The Company believes net income is the most directly comparable GAAP financial measure to the non-GAAP measures outlined above. Reconciliations of these measures to net income have been provided in the tables accompanying this press release.
Operating Metrics
The Company presents certain operating metrics related to our properties including occupancy, leasing activity and rental rates. Operating metrics are used by the Company and useful to investors in facilitating an understanding of the operational performance for our properties.
Occupancy metrics represent the percentage of occupied gross leasable area based on executed leases (including properties in development and redevelopment) and includes leases signed, but for which rent has not yet commenced. Same-property retail portfolio occupancy includes shopping centers and malls that have been owned and operated for the entirety of the reporting periods being compared totaling 76 properties for the three months ended March 31, 2017 and 2016. Occupancy metrics presented for the Company's same-property retail portfolio excludes properties under development, redevelopment or that involve anchor repositioning where a substantial portion of the gross leasable area is taken out of service and also excludes properties acquired within the past 12 months, properties sold, under contract to be sold, or that are in the foreclosure process during the periods being compared.
Executed new leases, renewals and exercised options are presented on a same-space basis. Same-space leases represent those leases signed on spaces for which there was a previous lease with comparable gross leasable area.
ADDITIONAL INFORMATION
For a copy of the Company’s supplemental disclosure package, please access the "Investors" section of UE’s website at www.uedge.com. Our website also includes other financial information, including our Annual Report on Form 10-K, Quarterly Reports on Form 10-Q, Current Reports on Form 8-K, and amendments to those reports.
ABOUT URBAN EDGE
Urban Edge Properties is a NYSE listed real estate investment trust focused on managing, acquiring, developing, and redeveloping retail real estate in urban communities, primarily in the New York metropolitan region. Urban Edge owns 86 properties totaling 15.2 million square feet of gross leasable area.

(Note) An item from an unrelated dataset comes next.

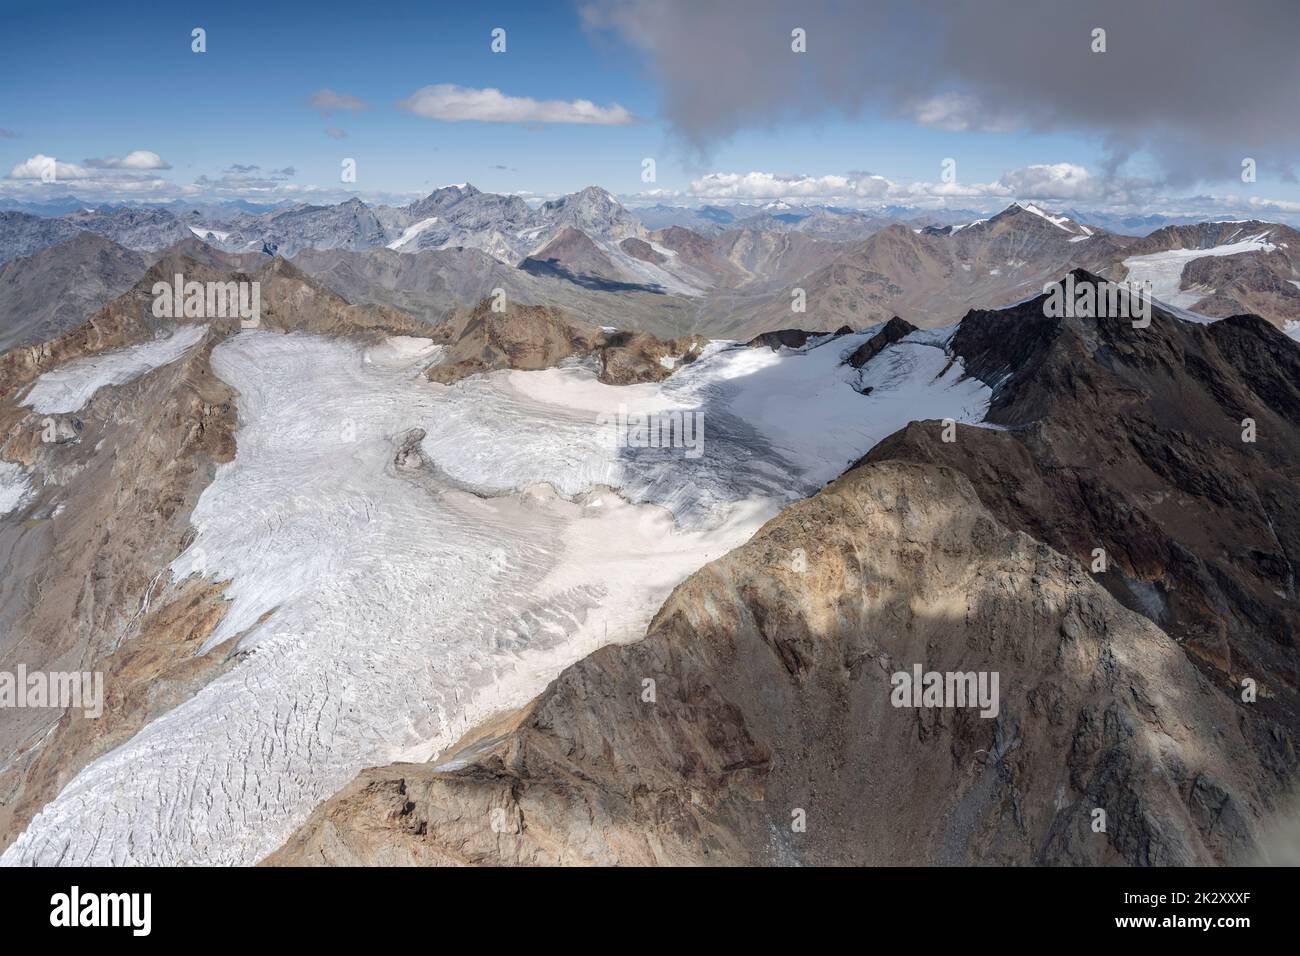 Ripresa aerea, da un aliante, del ghiacciaio di Dosegu ridotto dal riscaldamento globale , ripresa da sud-ovest in luce estiva, Alpi, Italia Foto Stock

FORWARD-LOOKING STATEMENTS
Certain statements contained in this Press Release constitute forward-looking statements as such term is defined in Section 27A of the Securities Act of 1933, as amended, and Section 21E of the Securities Exchange Act of 1934, as amended. Forward-looking statements are not guarantees of future performance. They represent our intentions, plans, expectations and beliefs and are subject to numerous assumptions, risks and uncertainties. Our future results, financial condition and business may differ materially from those expressed in these forward-looking statements. You can find many of these statements by looking for words such as “approximates,” “believes,” “expects,” “anticipates,” “estimates,” “intends,” “plans,” “would,” “may” or other similar expressions in this Press Release. Many of the factors that will determine the outcome of these and our other forward-looking statements are beyond our ability to control or predict; these factors include, among others, the Company's ability to complete its active development, redevelopment and anchor repositioning projects, the Company's ability to pursue, finance and complete acquisition opportunities, the Company's ability to engage in the projects in its planned expansion and redevelopment pipeline and the Company's ability to achieve the estimated unleveraged returns for such projects and acquisitions. For further discussion of factors that could materially affect the outcome of our forward-looking statements, see “Risk Factors” in Part I, Item 1A, of our Annual Report on Form 10-K for the year ended December 31, 2016 and the other documents filed by the Company with the Securities and Exchange Commission.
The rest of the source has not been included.